The smooth implementing of this succession plan is
significant as the airline battles to get back to profitability while
faced with several challenges, which a new team at the top will have to
surmount.
“The successful candidate will also be expected to
have excellent people management and communication skills, strategic
aptitude and the ability to plan and implement strategy for the
enhancement of the airline’s business,” says the job notice.
The new COO will join KQ at a time the airline is
implementing an ambitious 10-year expansion strategy that includes fleet
and route additions, with grand plans to fly to every African country
by 2016. The airline is investing Sh87 billion in the current financial
year to acquire more aircraft.
The COO will assist Mr Ngunze in attempting to bring KQ back to profitability after two consecutive years in the red.

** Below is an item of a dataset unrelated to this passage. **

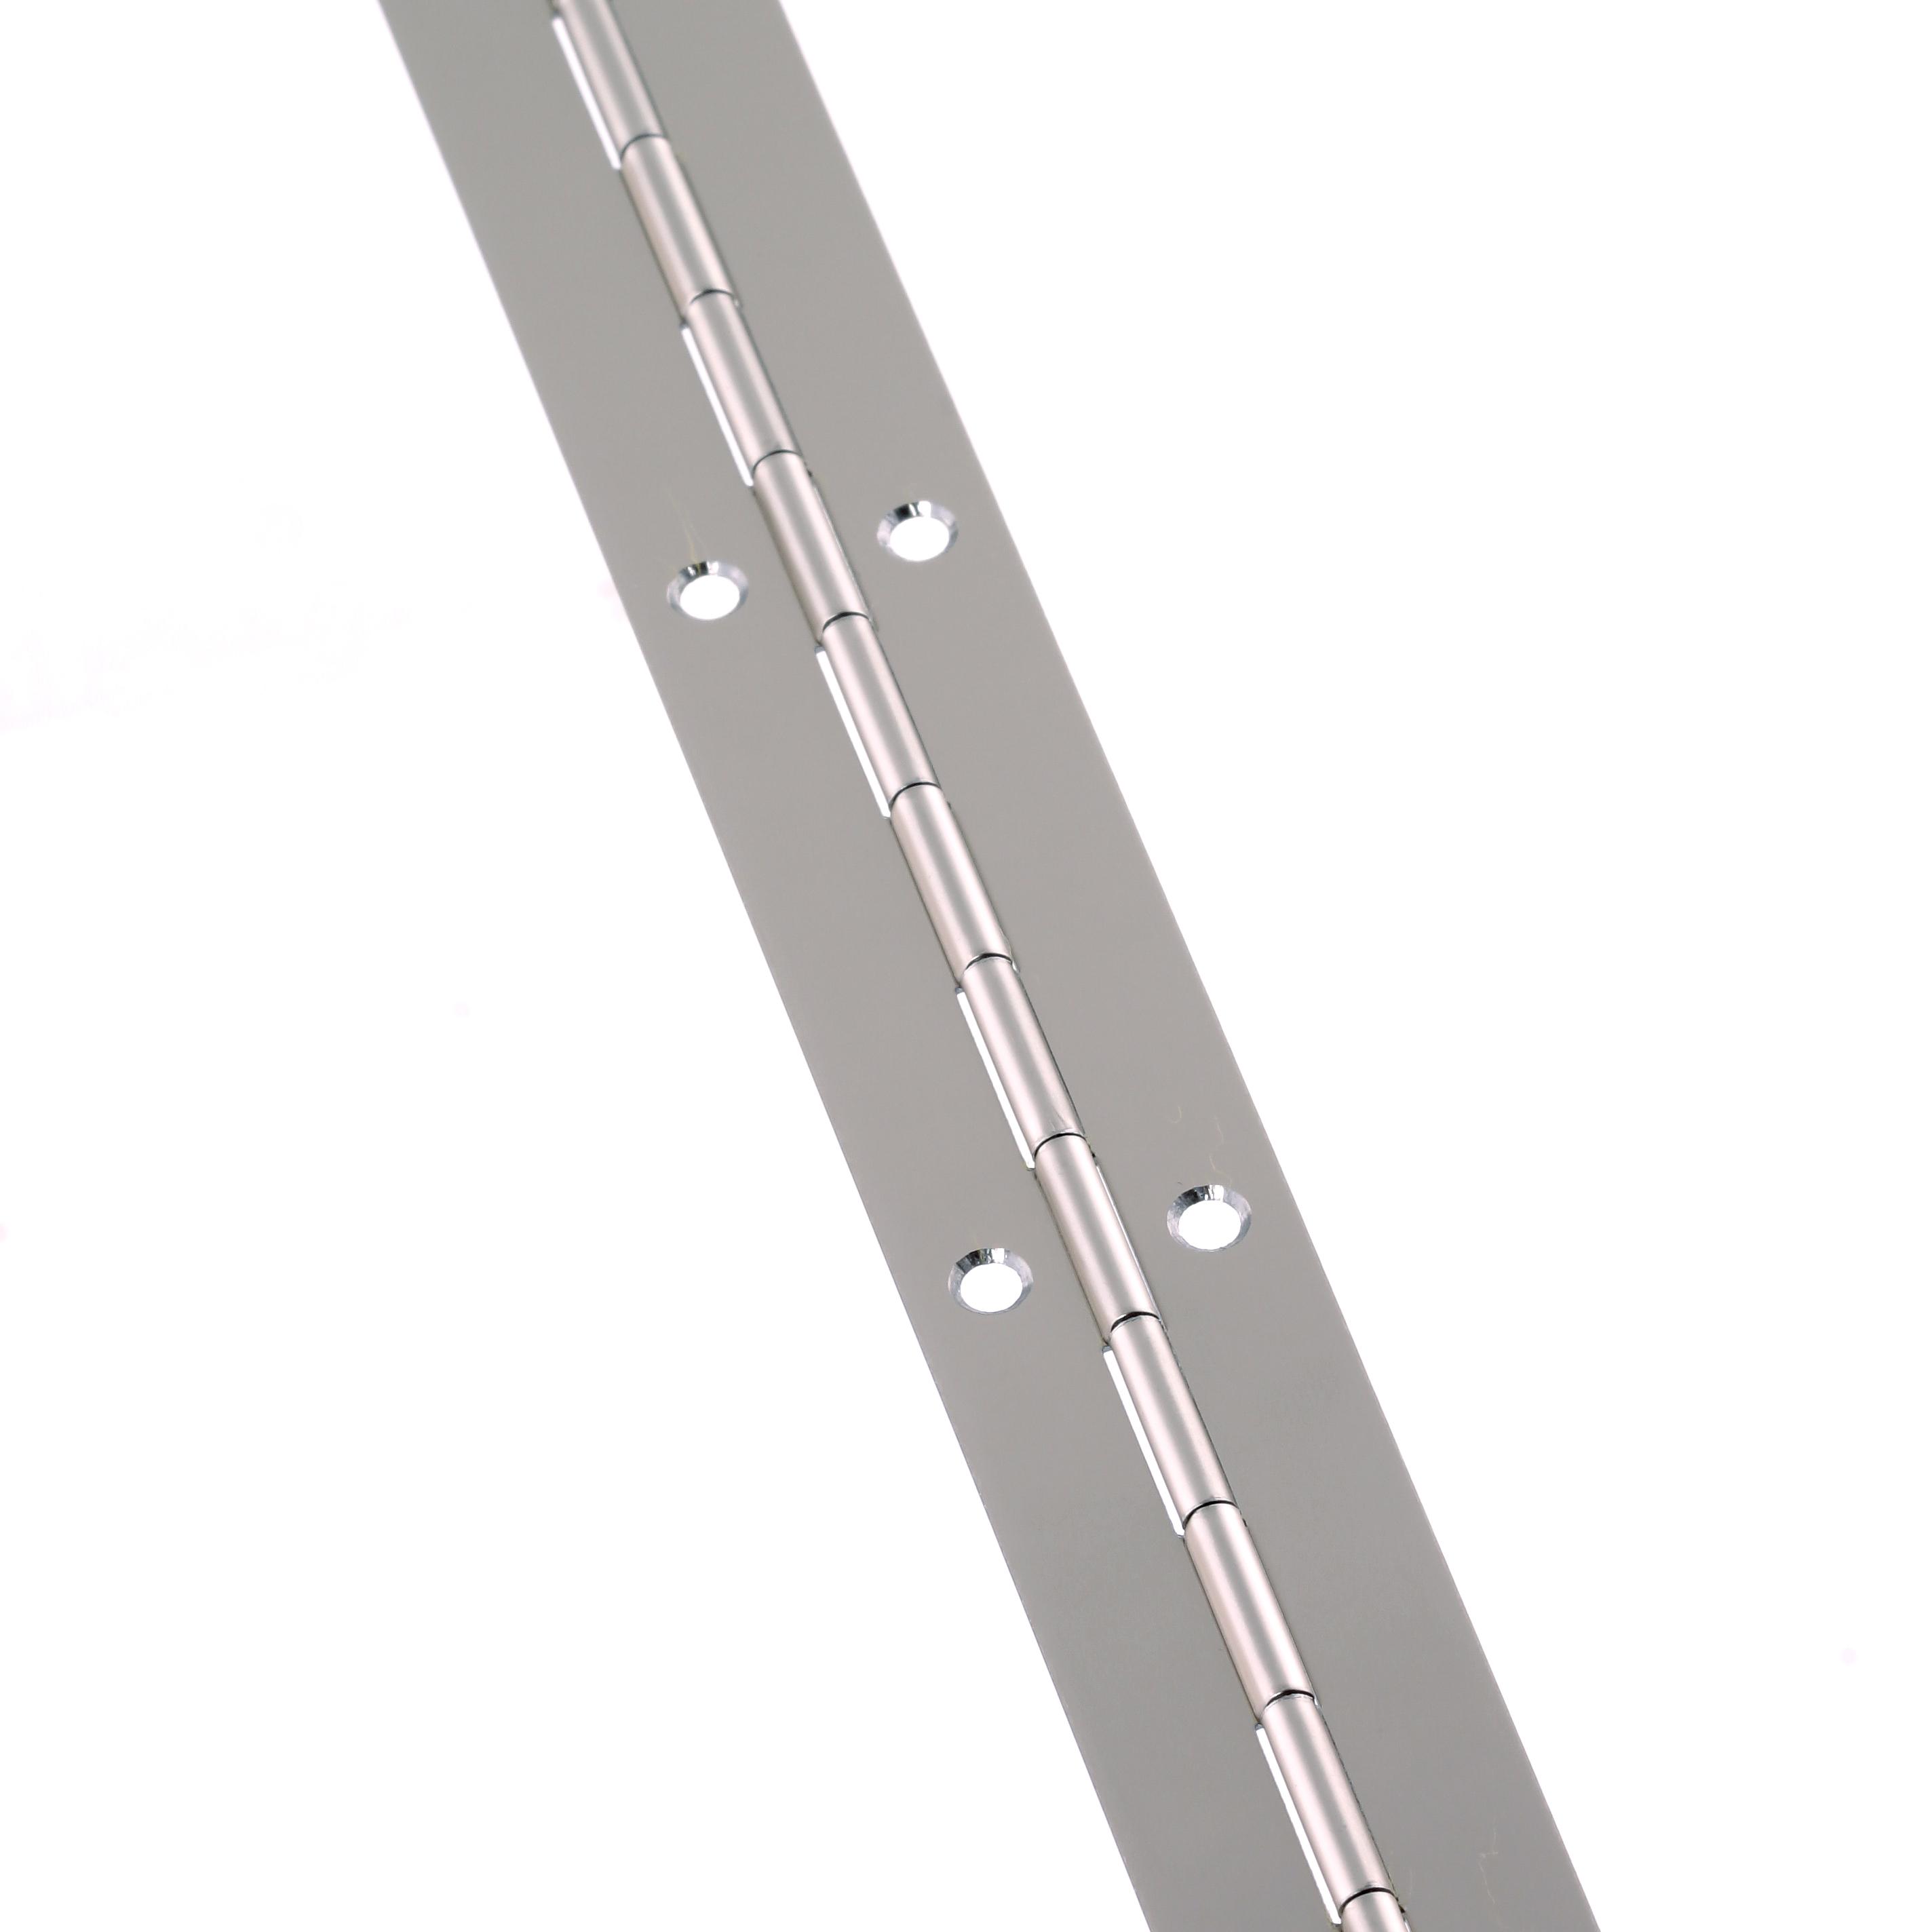 Steel Piano Hinge - 1800 x 25 x 0.7mm - Nickel Plated

KQ has recently faced a number of setbacks,
including travel warnings that the US and some European countries have
issued to their citizens in the wake of rising insecurity in the
country.
Rising revenue and falling costs saw the airline
cut its losses before tax by 56.8 per cent for the full-year ended March
2014 to post Sh3.38 billion loss compared to the previous year’s Sh7.84
billion.
The airline’s revenue increased by 7.2 per cent to
Sh106 billion from the previous year’s Sh98.6 billion, helped by higher
yields from its passenger business.
KQ is also having to battle escalating fuel prices and increased competition from rivals.
KQ is also having to battle escalating fuel prices and increased competition from rivals.
The latest problem to befall the airline in the
past few weeks is the potential losses it is facing after it cancelled
flights to Ebola-hit countries in West Africa, one of its most lucrative
routes in the continent.
“The COO is responsible for managing the airline’s
day-to-day operations with a focus on strategic, tactical and short term
operations management,” the job notice states.